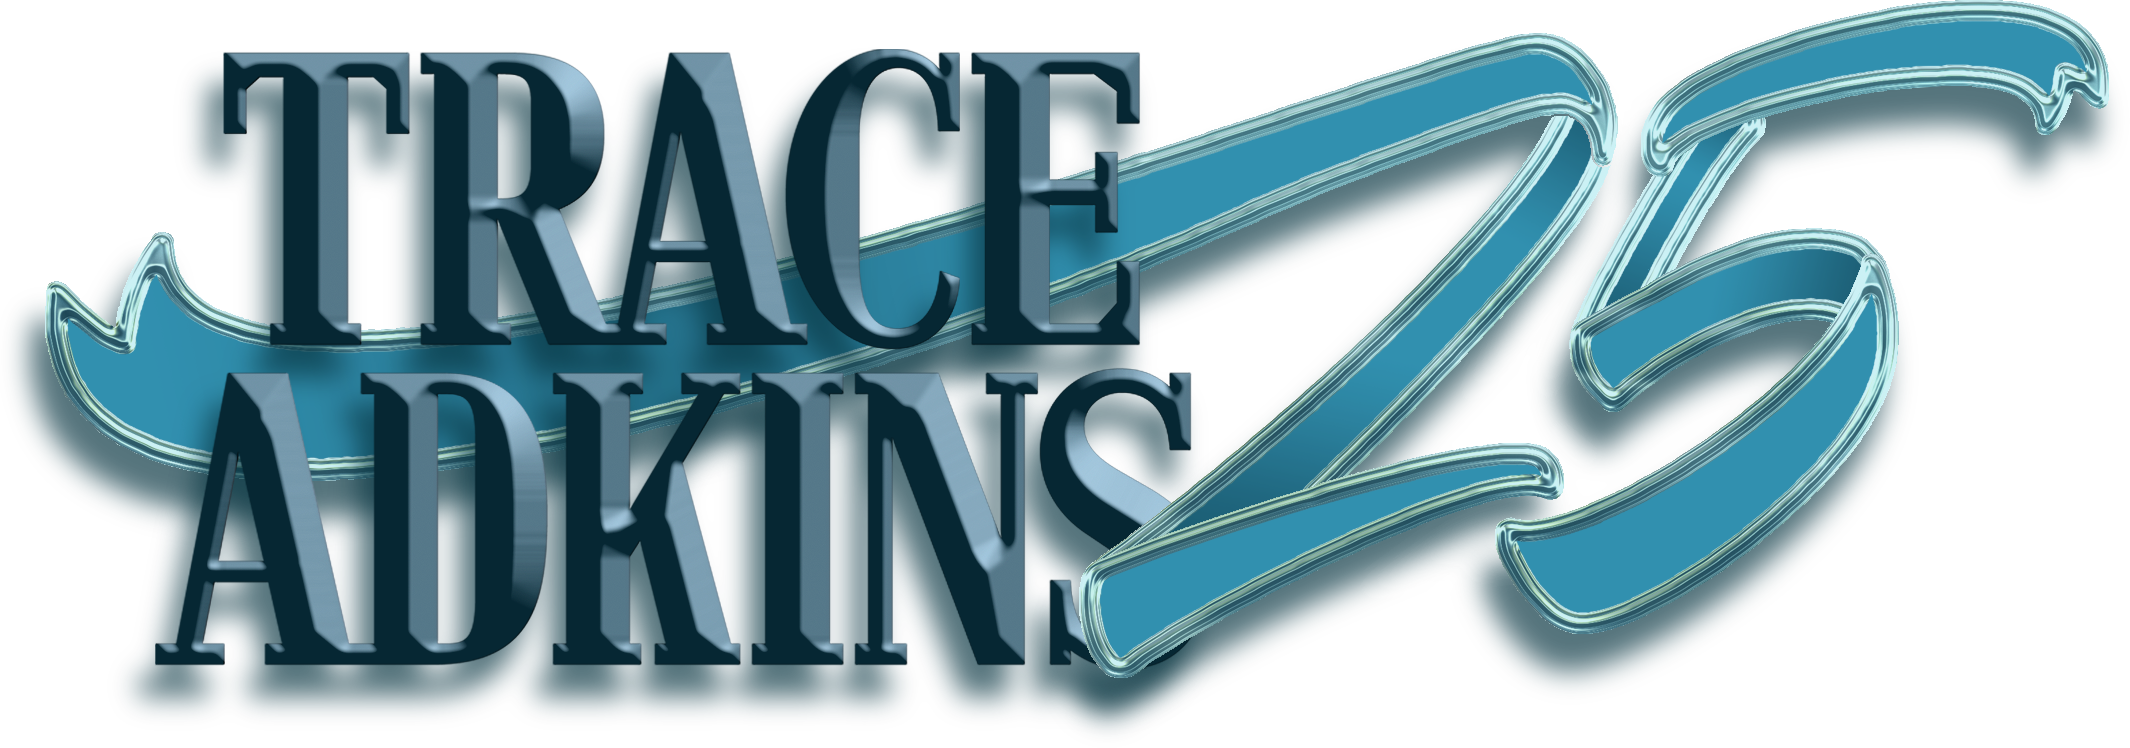 Trace Adkins logo
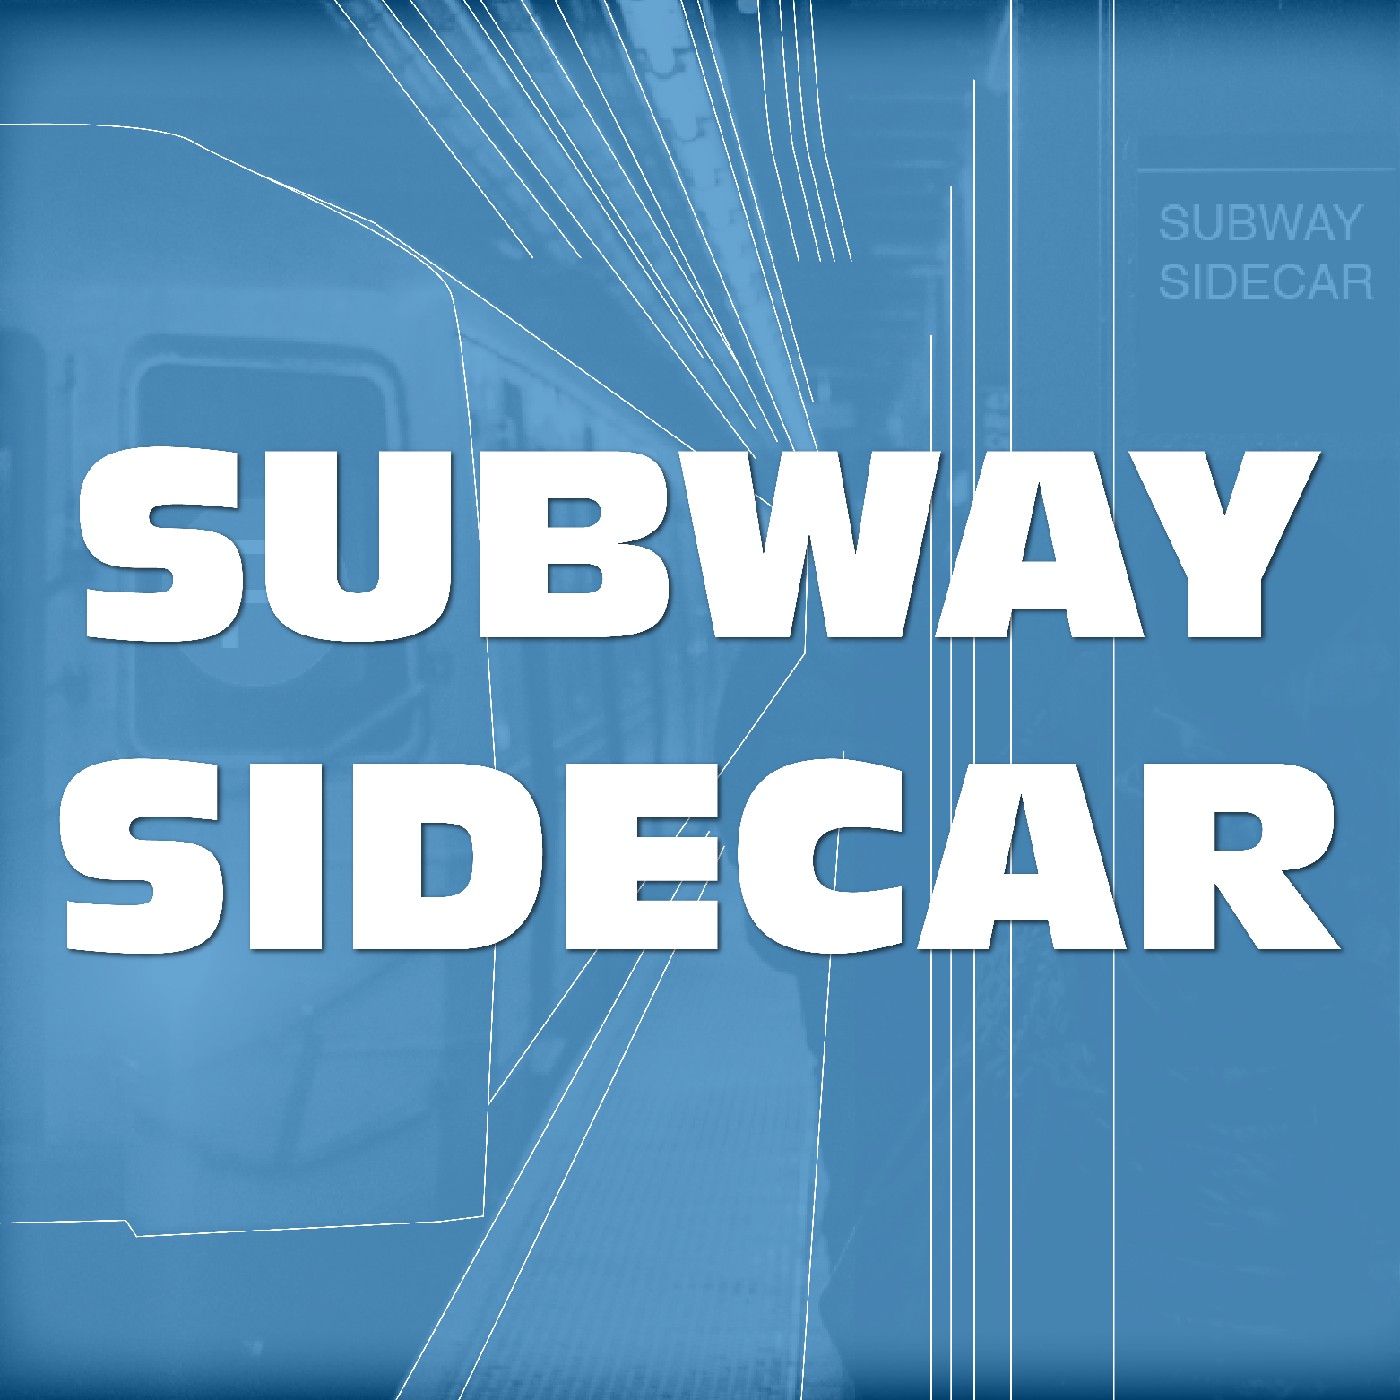 Subway Sidecar
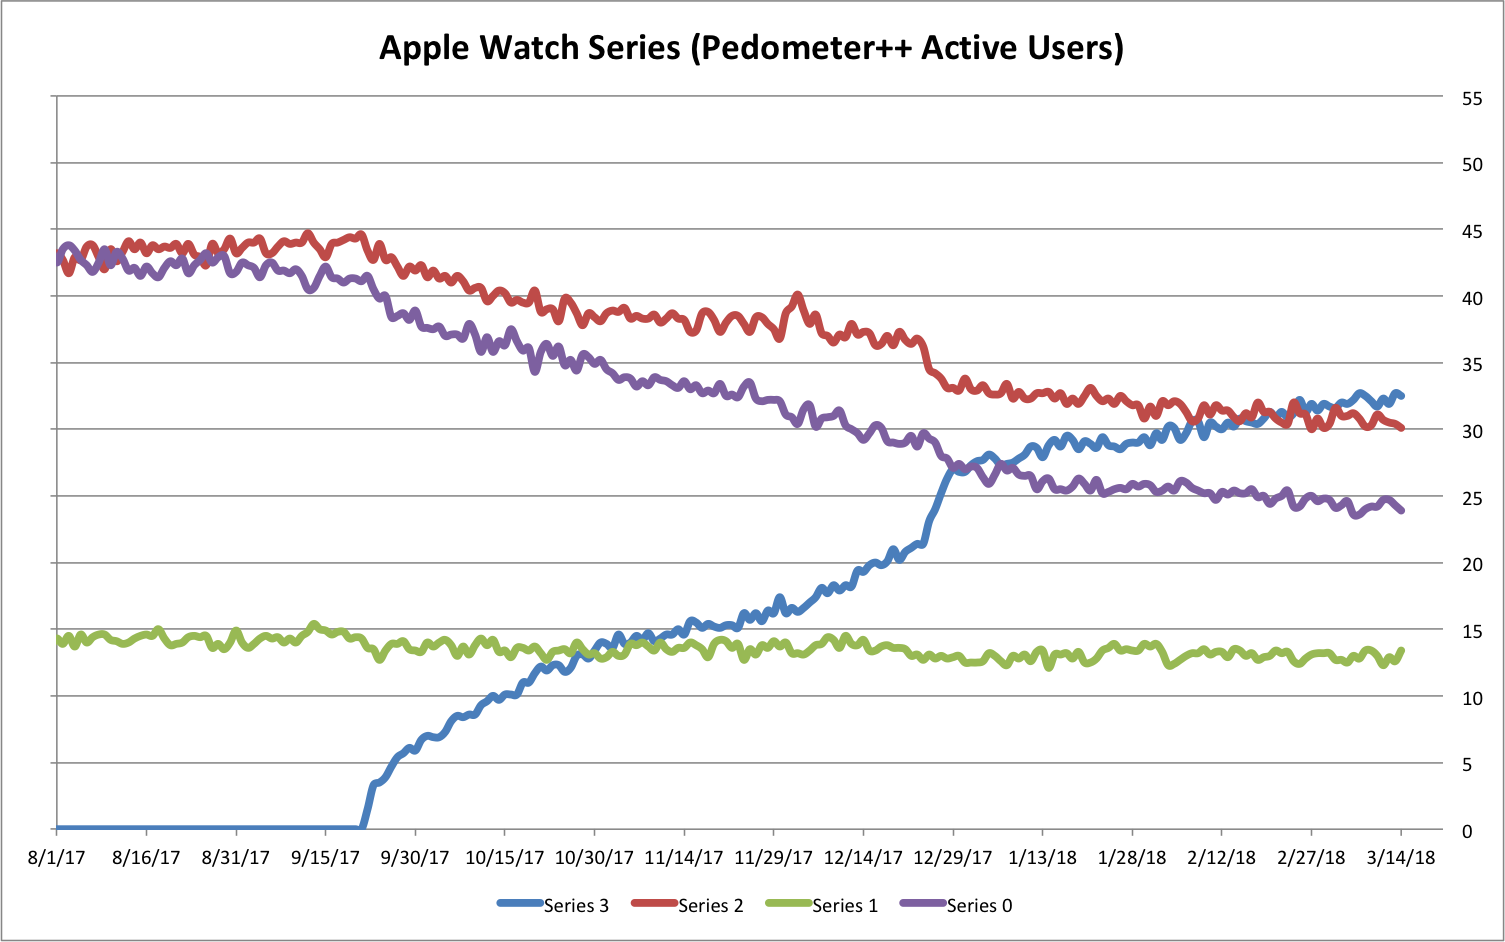 Apple Watch adoption

***

What needs to be done
Reproduce the material above verbatim; omit every picture.

Final answer
 Trace Adkins logo
 Subway Sidecar
 Apple Watch adoption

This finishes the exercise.